Bright lights and the big city beckoned, however, and R. H. Macy relocated to New York City in 1858, where he opened a modest eponymous store in a low-rent part of town.  At long last, he began to experience the success that had eluded him for years.  Gradually moving uptown as the store prospered, Macy was the very soul of retailing innovation.  Prices were clearly marked and were not negotiable, which made it possible to place eye-catching advertisements in all the New York newspapers. Credit was not extended; all sales were in cash, unheard of for the time. He is credited with hiring the first in-store Santa Claus, helping to commercialize Christmas in the United States as never before. With that shrewd eye he had for publicity, he named Margaret Getchell as store manager in 1866, creating the first female executive in American retailing. 

The store was successful beyond his wildest dreams.  In 1875, he enlisted the help of two partners to run the burgeoning business:   Robert M. Valentine; and Abiel T. La Forge.
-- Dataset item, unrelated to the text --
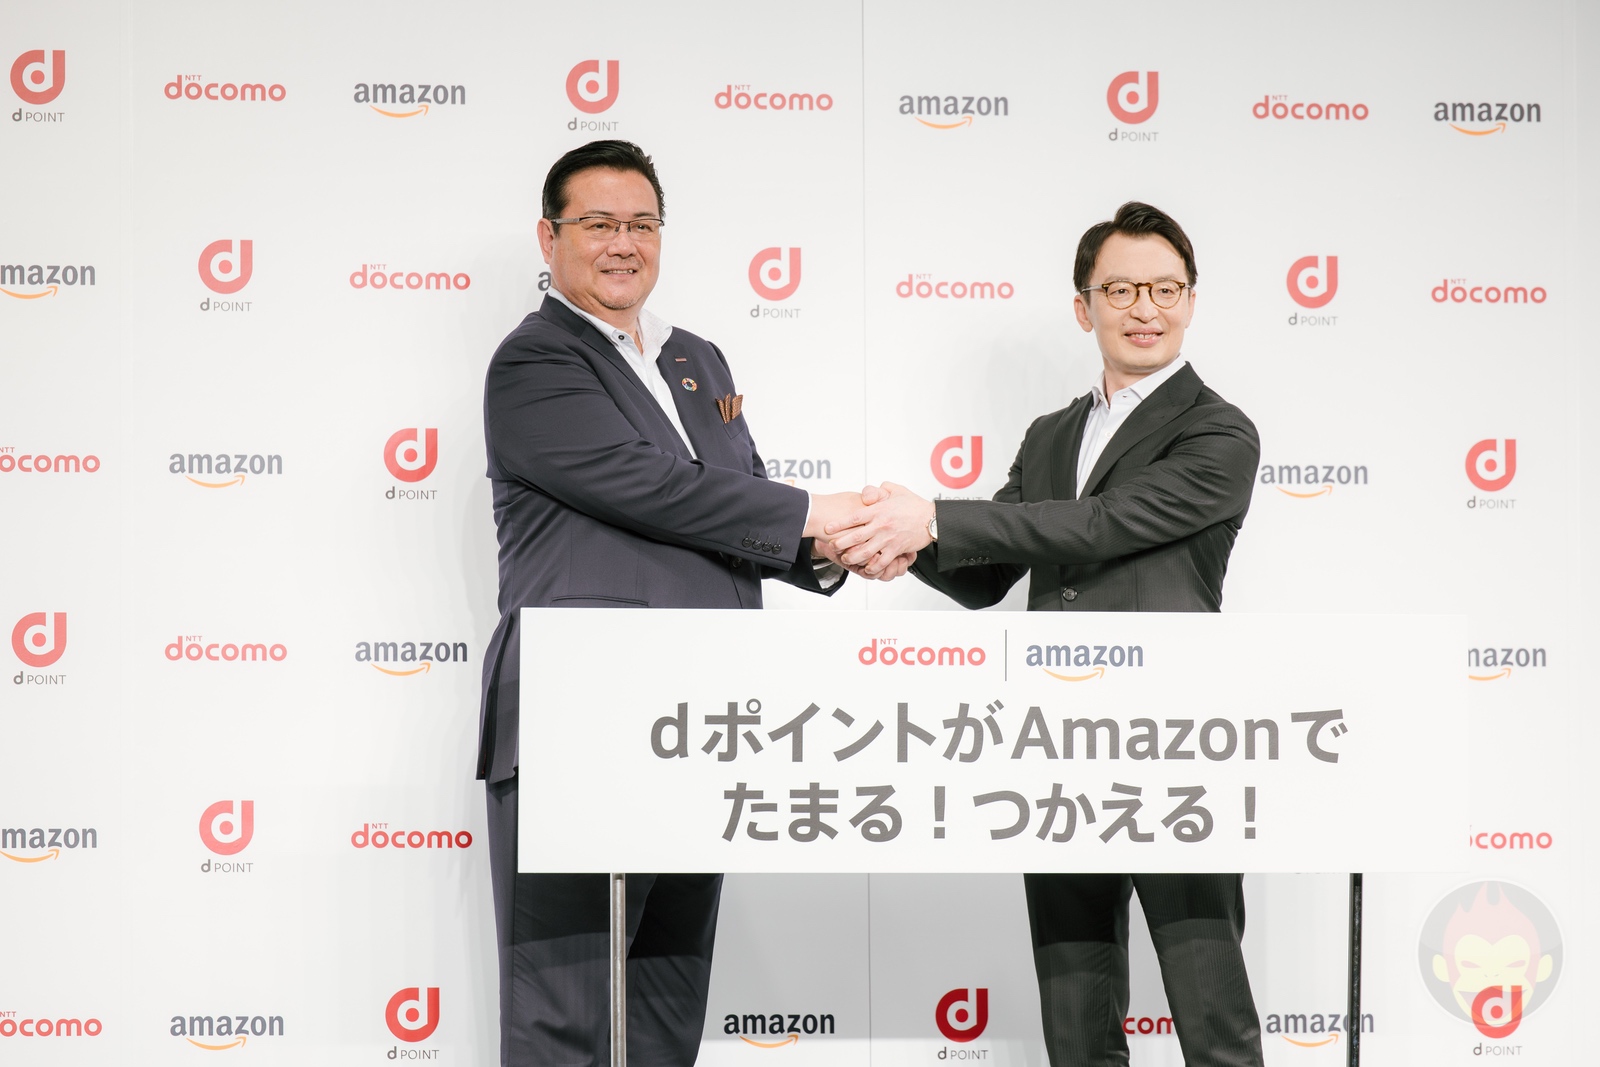 Amazon-Docomo-Collaboration-CEOS-01.jpg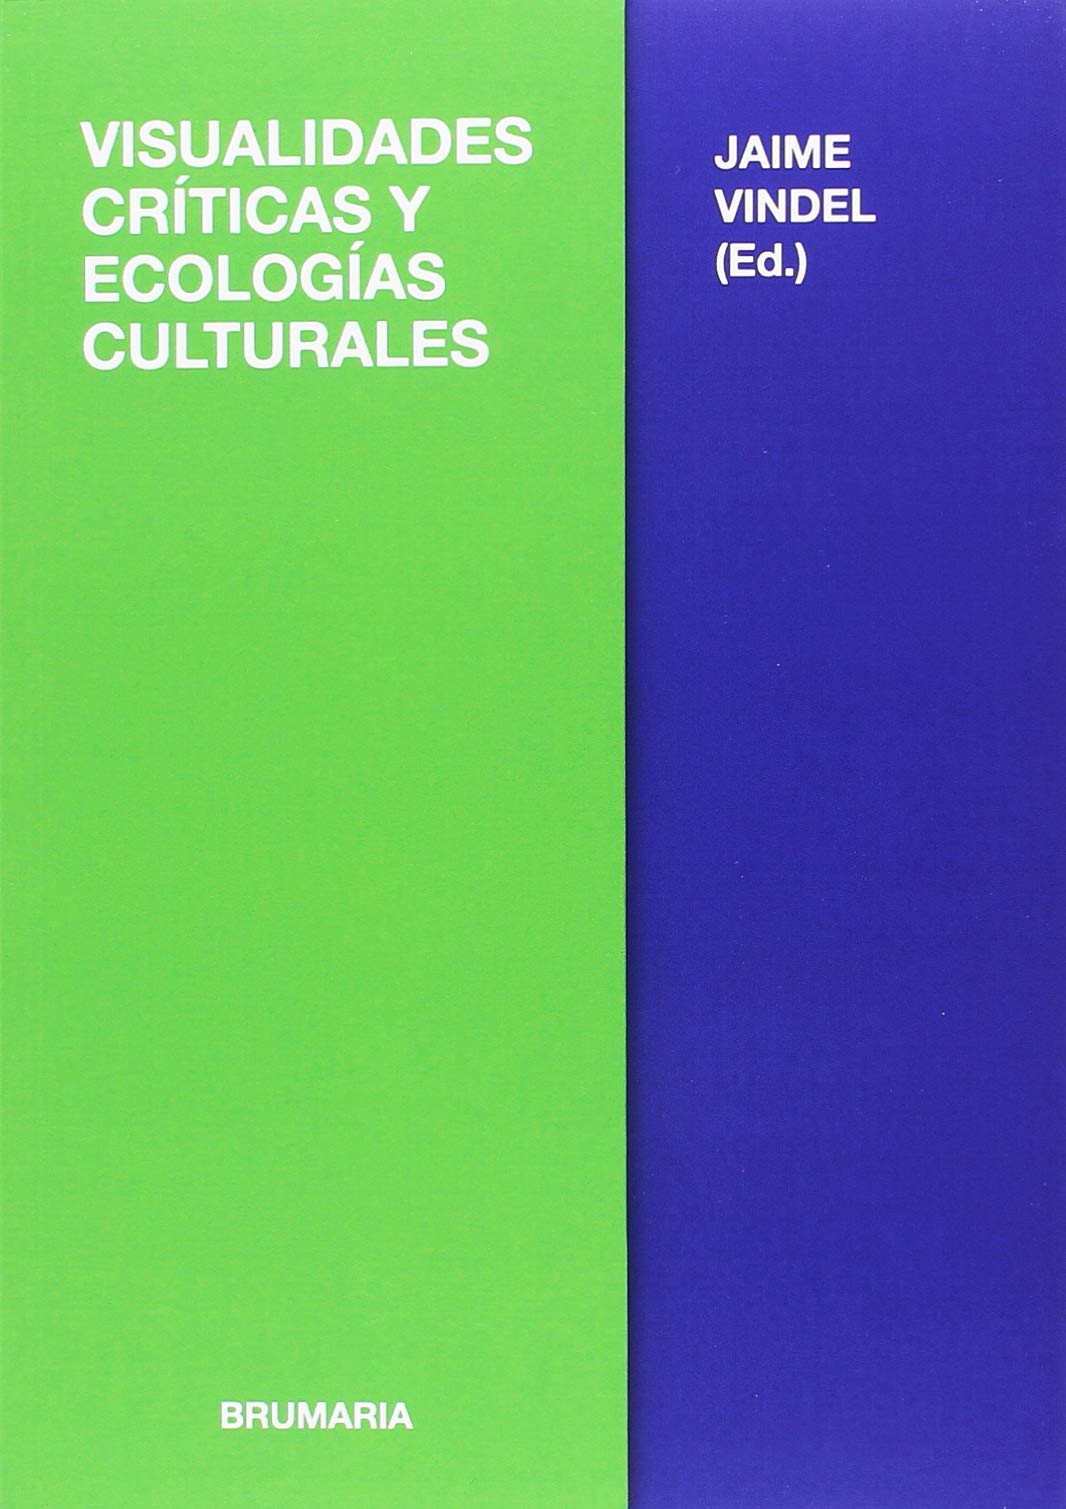 Imagen de portada del libro Visualidades críticas y ecologías culturales

By the time of Macy’s death two years later, the store had spread across a collection of eleven different buildings at 18th and Broadway.  And that was still only the beginning.  The Macy family owned the store until 1895, when brothers Isador and Nathan Strauss took over operations after having run a crockery story their father founded in Macy’s basement (the forerunner of The Cellar?).  Sadly, Isador and his wife Ida perished on the Titanic.
Today, Macy’s is the world’s largest retailer, mainly through acquisitions and mergers.  By my unofficial count, the store that Rowland Hussey Macy founded has swallowed at least 29 venerable American department stores.  The list includes the iconic Boston landmark store, Jordan Marsh.  That store had its foundation a decade earlier than R.H. Macy’s Haverhill store when Eben Dyer Jordan opened a dry goods store in Boston in 1841.  But that’s a story for another time.
In answer to the question concerning the red star in the Macy’s logo, when Macy put to sea on the whaler out of Nantucket as a teenager, he had a red star tattooed on his hand, as seamen will do.  It was Macy himself who determined the star would always be a part of the store’s name."

If you've hung in here long enough to get this far in the post, it might also interest you to know that seamen chose red star tattoos for protection.  Since the stars were used as guides out at sea, the tattoo star was thought to lead the seaman home under its guidance.  It surprises me to learn that Macy's has deep New England/Massachusetts roots.  

You might remember that Macy's played a big role in my very first visit to West Islip with James.  I had taken a bus trip to NYC with some school friends.  James was at home that weekend and planned to pick me up at the end of the day at Macy's near the restaurant in the basement.  My friends didn't want to leave me alone in NYC until they saw James, but we could not find each other that day and the bus had to leave without me.  Eventually we got it figured out--even without the convenience of cell phones or GPS--imagine that.  Perhaps the red star helped guide James that day: the beginning of our own "story".